Exercise brief –
Give back every line of the material below exactly, but no images.

Recorded information –
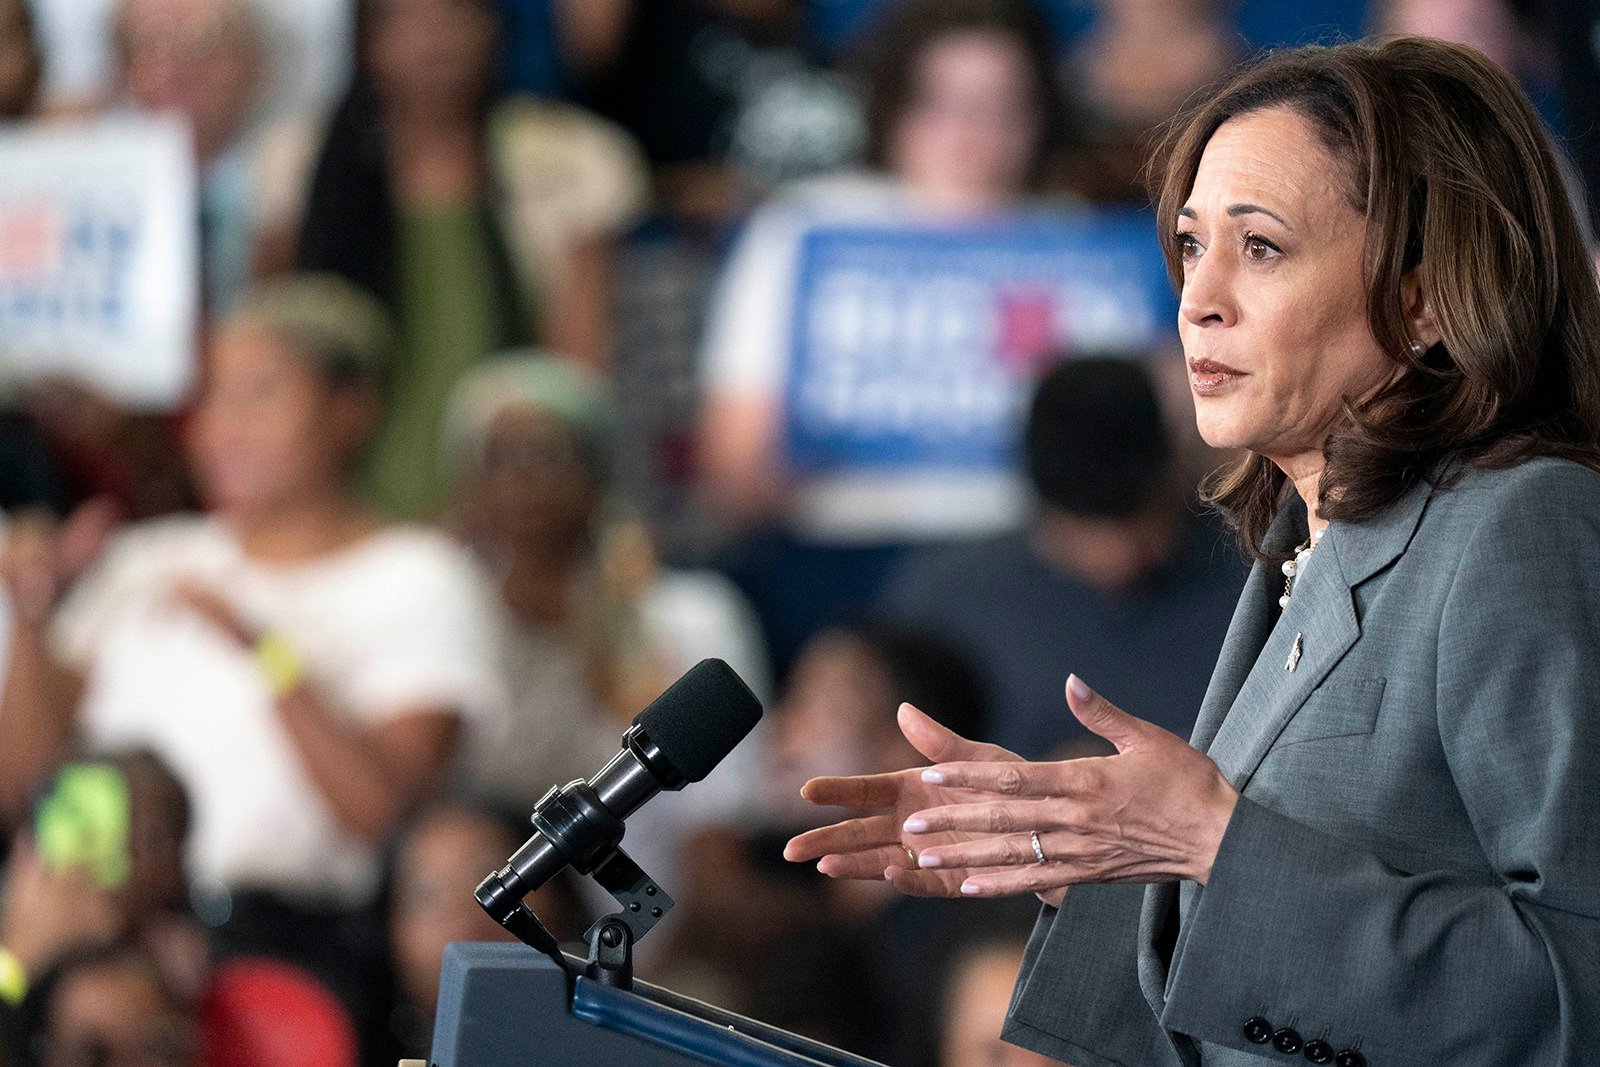 US Vice-President Kamala Harris speaks at a campaign event in Greensboro, North Carolina, on Thursday. Photo: Getty Images/TNS
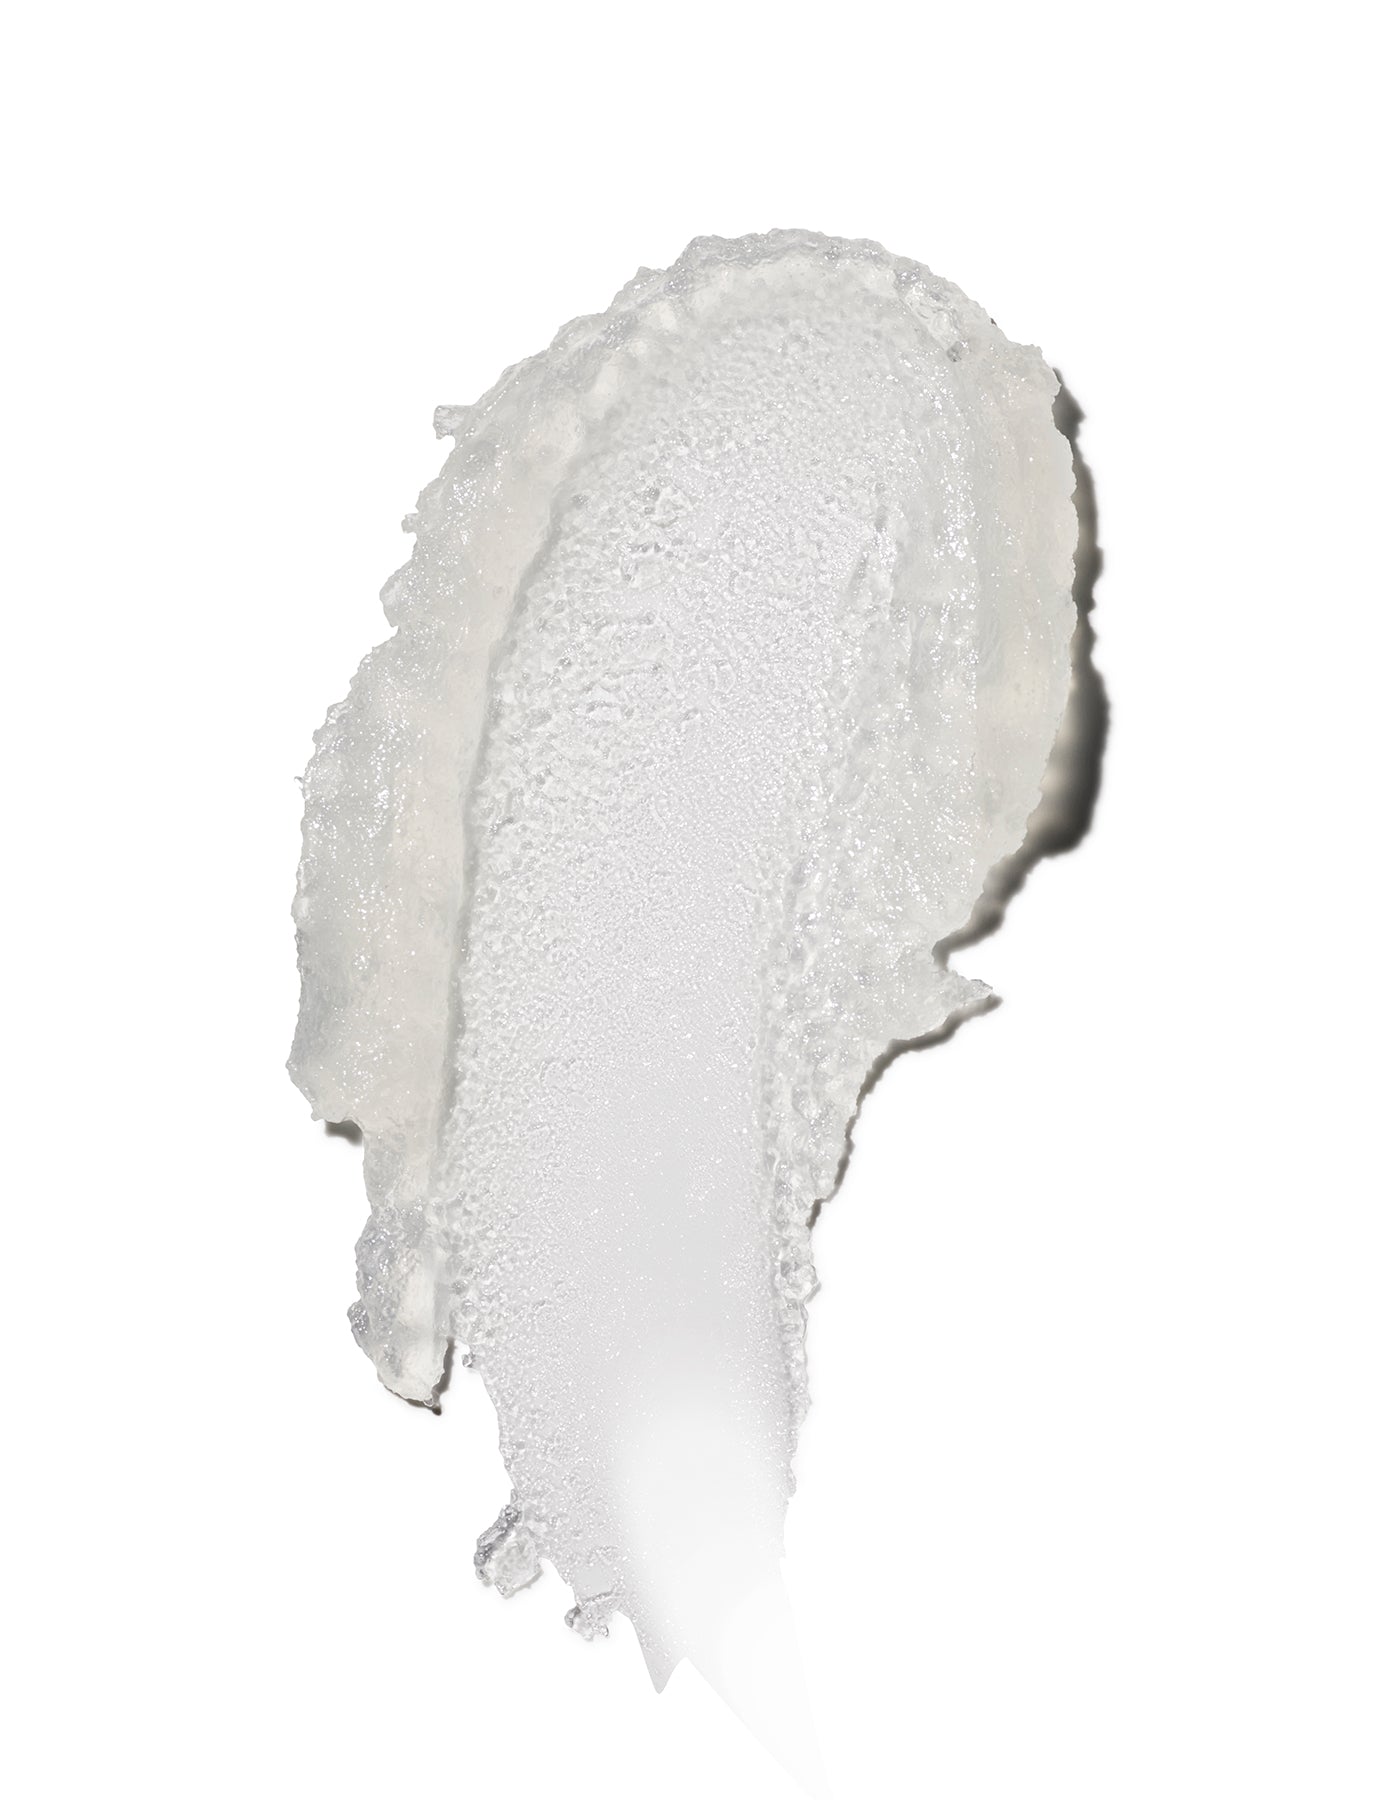 swatch of Jones Road Cleansing Stick
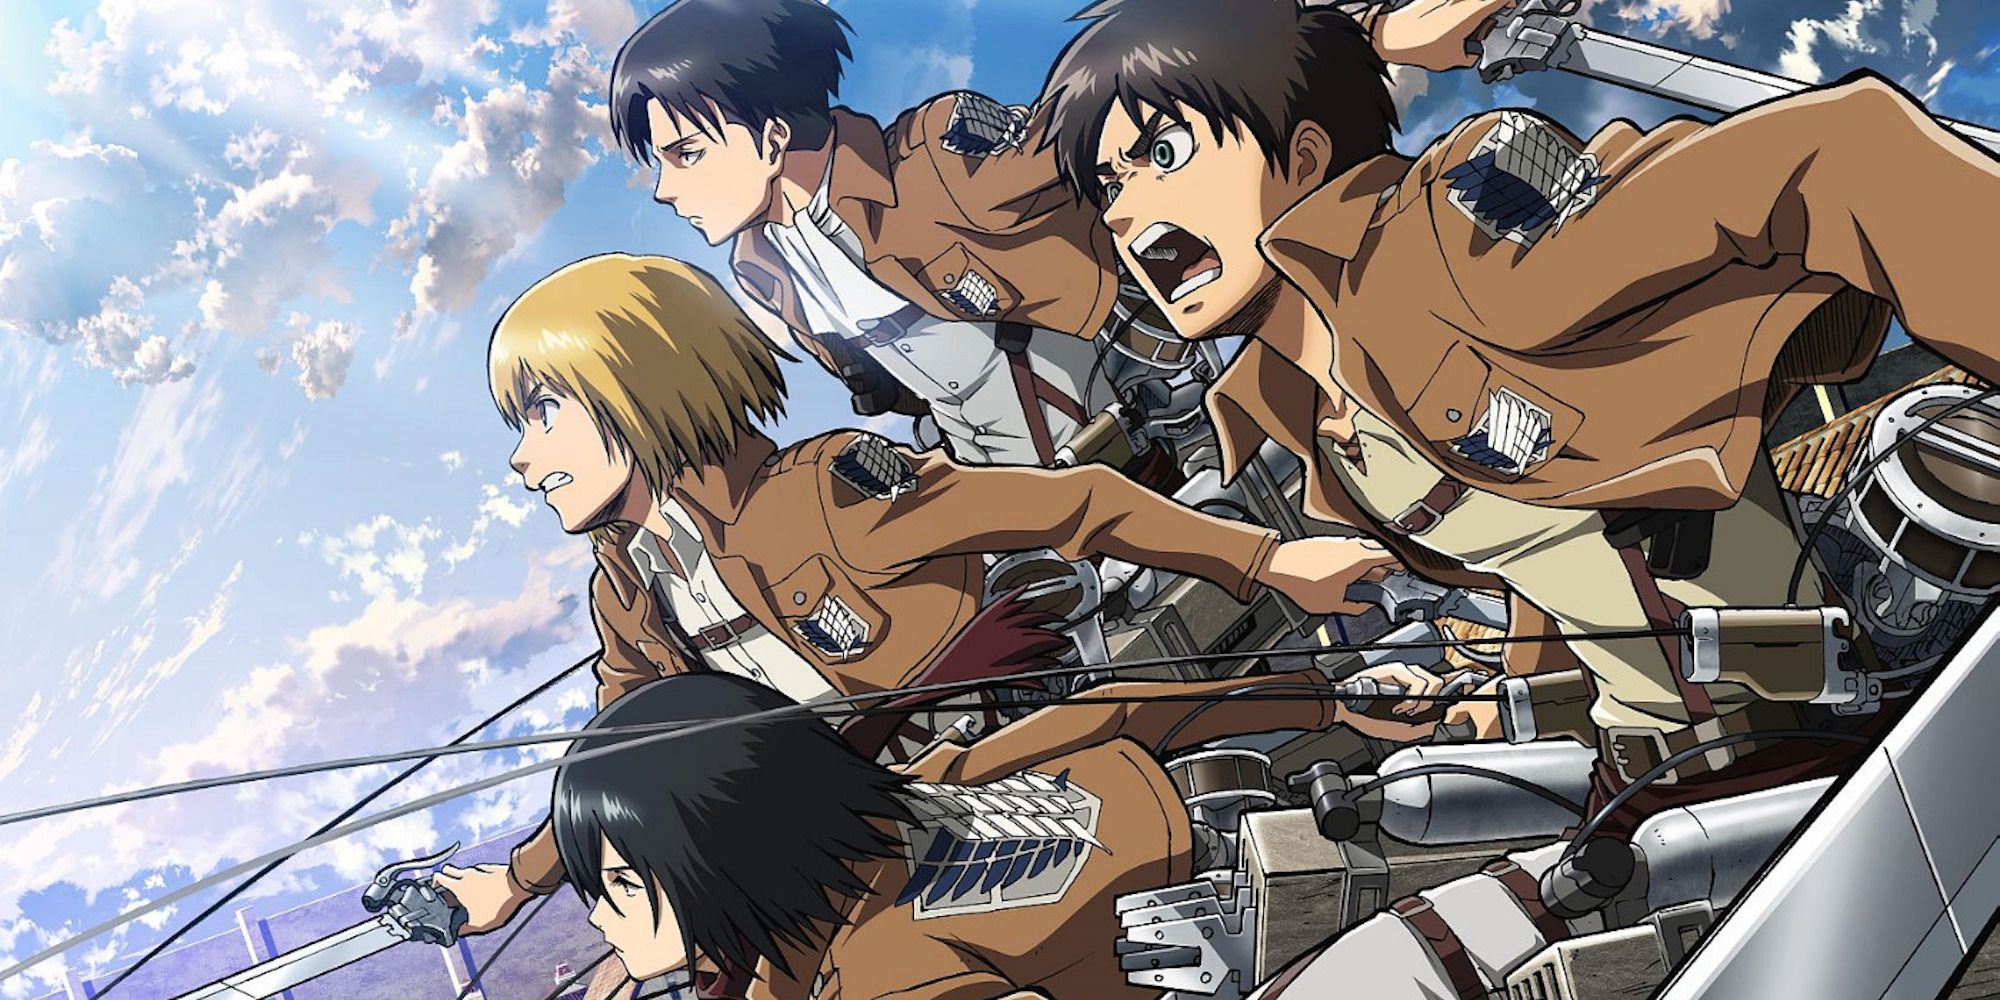 Promo art featuring characters from Attack On Titan
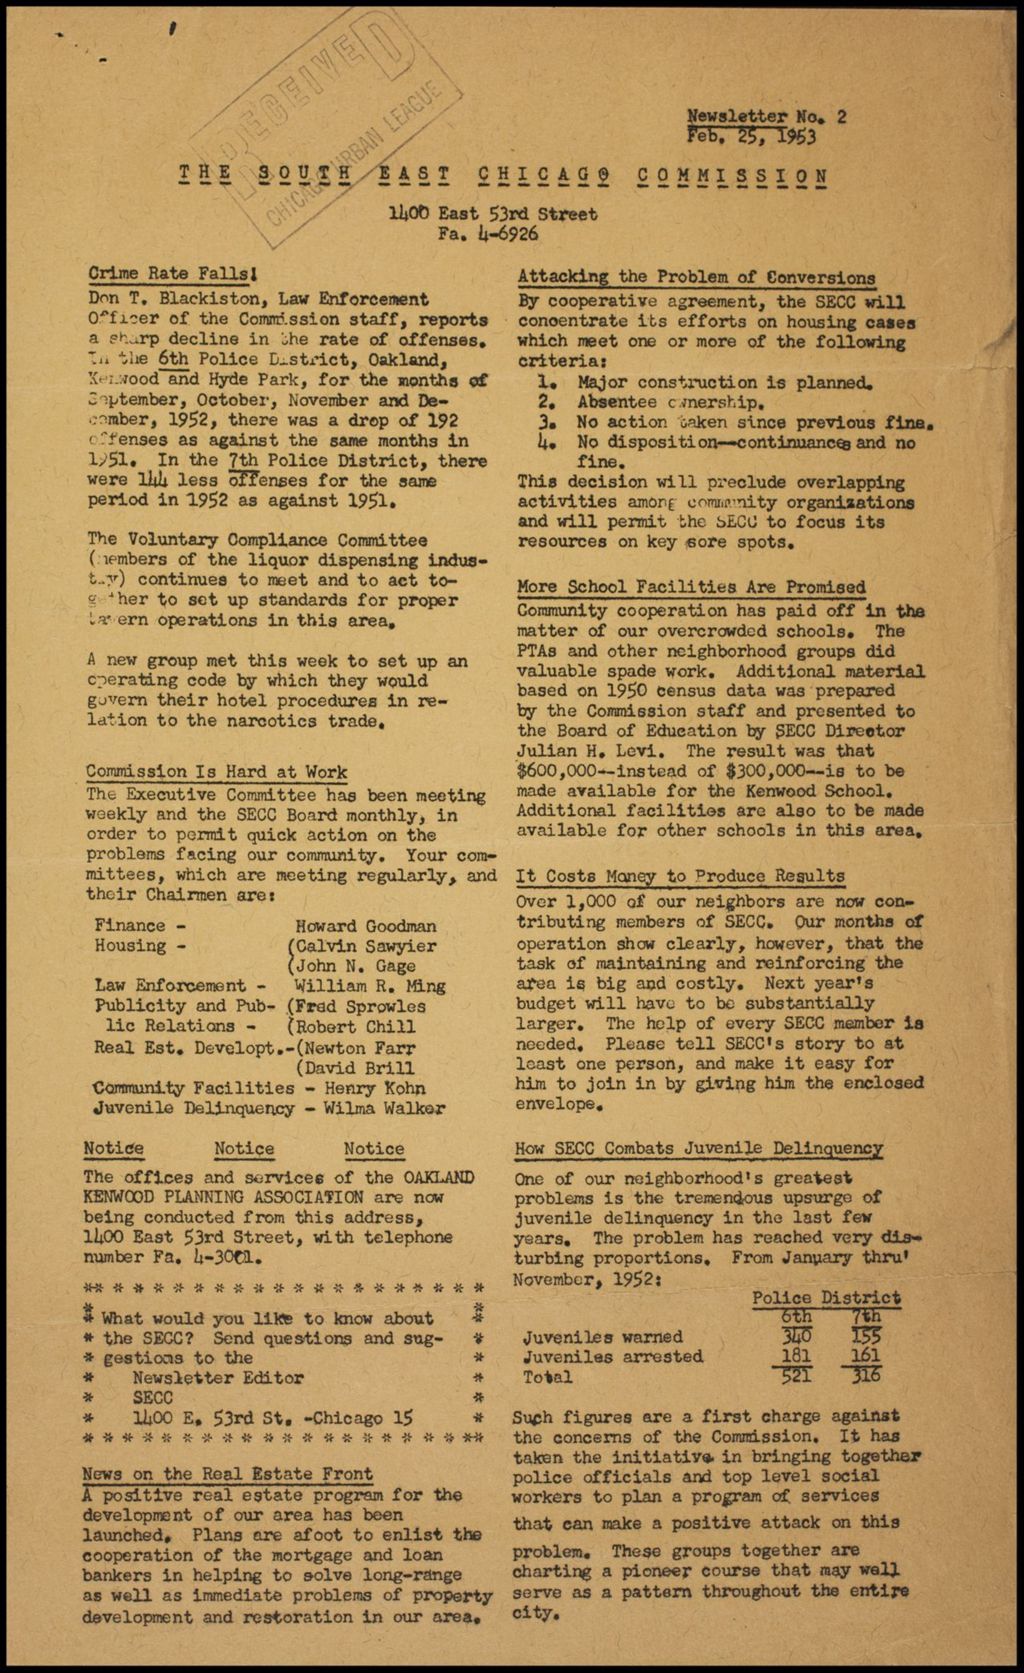 South East Chicago Commission - General, 1953 (Folder II-2330)

Exercise answer –
 US Vice-President Kamala Harris speaks at a campaign event in Greensboro, North Carolina, on Thursday. Photo: Getty Images/TNS
 swatch of Jones Road Cleansing Stick
 Promo art featuring characters from Attack On Titan
 South East Chicago Commission - General, 1953 (Folder II-2330)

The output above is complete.